La alarma social generada por el vertiginoso aumento de la delincuencia en los últimos años ha sido aprovechada por distintos sectores políticos para urgir la aprobación de múltiples reformas legales que buscan dar la falsa impresión de brindar alguna solución al problema criminal, cuando en realidad no son más que la misma receta fallida y simplista de eliminación de garantías fundamentales y endurecimiento del proceso penal que viene empleándose sin éxito desde hace varias décadas. Como ejemplos recientes de este frenesí punitivo desenfocado podemos mencionar, por citar solo algunos:
- Las reformas abiertamente inconstitucionales propuestas a la prisión preventiva, que pretenden convertir la medida cautelar en una pena anticipada.
- La fatídica Ley de Creación de la Jurisdicción Especializada en Delincuencia Organizada, JEDO, (Ley 9481), que lejos de brindar herramientas en la lucha contra la criminalidad compleja más bien introdujo un grave error legislativo mediante el cual se derogó expresamente el artículo 2 de la ley anterior que definía la competencia de la jurisdicción de crimen organizado, dejando sin posibilidad de aplicación dicho procedimiento especial.
- El recientemente reactivado proyecto que propone adicionar los artículos 20 bis, 20 ter y 22 bis a la Ley Contra la Delincuencia Organizada (expediente legislativo 22.834), que son precisamente los numerales que regulan el polémico proceso de pérdida de capitales emergentes.

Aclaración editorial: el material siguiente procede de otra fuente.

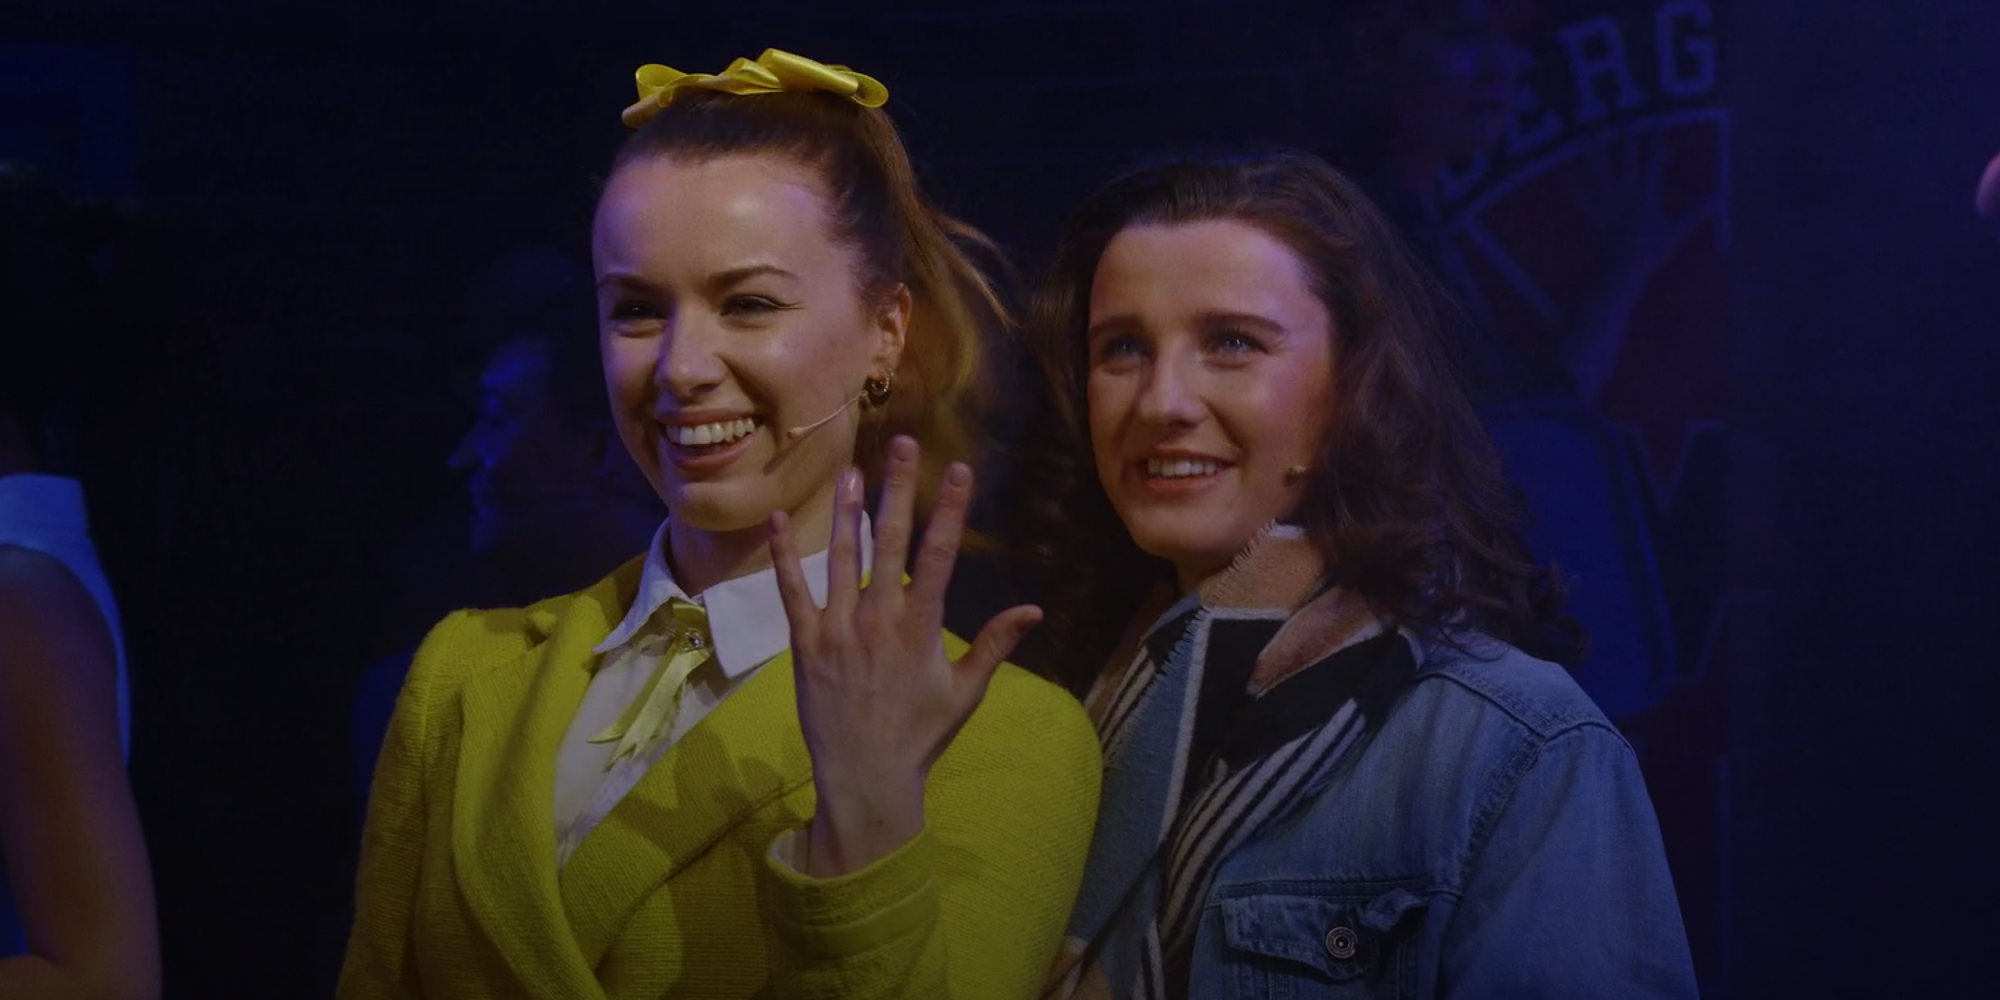 Heather McNamara showing off an imaginary engagement ring beside Veronica in Heathers: The Musical

Es sobre esta última figura que enfocaremos el presente artículo, ahora que la Sala Constitucional acaba de declarar la inconstitucionalidad del inciso a) del artículo 20 ter únicamente en lo referente al método de notificación a las partes, lo cual no es ni por asomo suficiente, ya que la violación al debido proceso va mucho más allá de ese extremo.
Pérdida de capitales emergentes
Este concepto, también conocido o regulado en algunas latitudes como procedimiento de extinción de dominio, busca habilitar al Estado para que se apropie del patrimonio de los ciudadanos cuyo origen considere sospechoso o “sin causa lícita aparente”, sin necesidad de probar más allá de toda duda la procedencia ilegal de dichos bienes.
Los defensores de dicho procedimiento sostienen que su finalidad “oficial” es debilitar al crimen organizado atacando sus finanzas y despojándole de sus ganancias ilícitas. Incluso algunos han llegado al extremo de citar el vacío refrán populista según el cual “quien nada debe y no anda en malos pasos, no tiene nada que temer”, lo cual no hace más que evidenciar el profundo desconocimiento que mantienen sobre el funcionamiento de las garantías que conforman la base de nuestro Estado de Derecho.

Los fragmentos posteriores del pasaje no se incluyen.